Other members have risen to the Coalition’s defense. In a statement released this morning Chinatown residents Jan Lee, Danny Chen and Jeannie Chin wrote:

We believe that many tactics are being used to dissuade people from signing onto our letter to the Mayor.  Some of these tactics are certainly not what anyone could mistake for “open” or “transparent”. We ask that despite the noise and fear that might be used to distract from the real issue, we all focus on the question of community control over our planning process.

While acknowledging speaking with Chin about the issue, Co-Chair Jim Solomon told me this afternoon there was no campaign to “dissuade” any organization from signing the letter. In a written statement, he addressed both the specific allegation and the need for a return to ‘civility” in the deliberations:

As the summer temperature has risen, so too have tempers within the CWG.  The conduct by a few at last Thursday’s Culture, Affordability, Preservation and Zoning (CAPZ) Working Team meeting was unsettling to many.  It also was simply unacceptable – and must not continue.  Zoning proposals currently under consideration by CAPZ may be disputable.  But everyone is entitled to share proposals and express opinions without fear of being verbally attacked.  No single member or organization speaks for the entire community, nor owns the truth. For the sake of clarity, while I disagree with the approach and characterizations in the recent open letter to the City, the signatories were well within their right to express their views in this manner (though as co-chair I would’ve much appreciated the courtesy of a heads up beforehand).

So what’s next?
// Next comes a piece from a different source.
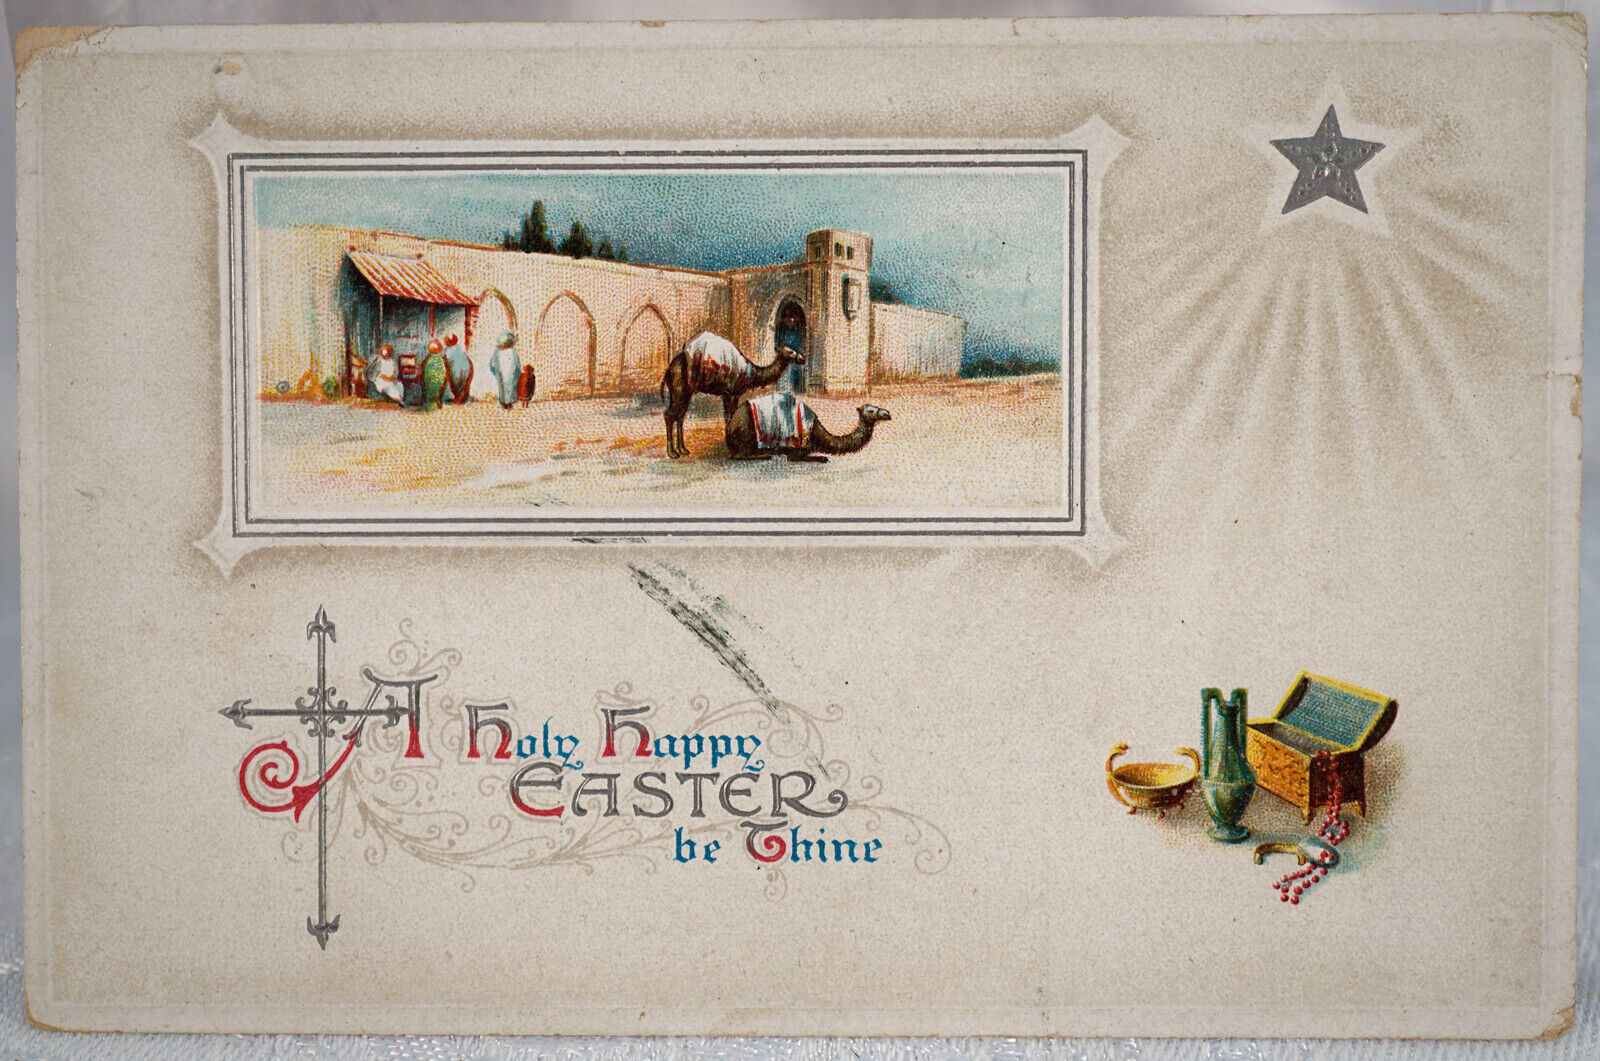 Antique Embossed Postcard A Happy Easter Be Thine - 1913 1 cent Stamp

On Thursday afternoon the CWG steering committee will meet to discuss the selection of the planning consultant. We’ll be looking to see if there’s room for compromise with the city. And tomorrow afternoon the Coalition plans a news conference to address its zoning proposal:

For the past two years, the Coalition to Protect Chinatown and LES, with the assistance of the Hunter College Center for Community Planning and Development, has been gathering community input and conducting research to address the increased pressures of gentrification and the threat of mass displacement from the community. The proposed Chinatown/LES Special Rezoning District calls for zoning changes to limit high-rise real estate speculation and exorbitant rent increases; to preserve existing low-income New York City Housing Authority (NYCHA) and rent-regulated housing; to make rents affordable for small businesses; and require a community review process for all new development on NYCHA property. The proposal also calls for alternatives to the 80/20 and inclusionary housing programs to increase low-income housing in the community.

Meanwhile, CWG members have pledged to reconvene in two weeks to take another crack at resolving their differences over rezoning proposals.  In the past, members have shaken off conflict and returned to the negotiating table. It remains to be seen if that will happen this time.

One final note. At September’s meeting the Chinatown Working Group will elect new co-chairs. Thomas Yu, who currently holds the position, has already indicated he will not continue in the role. Solomon told me he’s undecided about serving another term, if he’s nominated by his peers.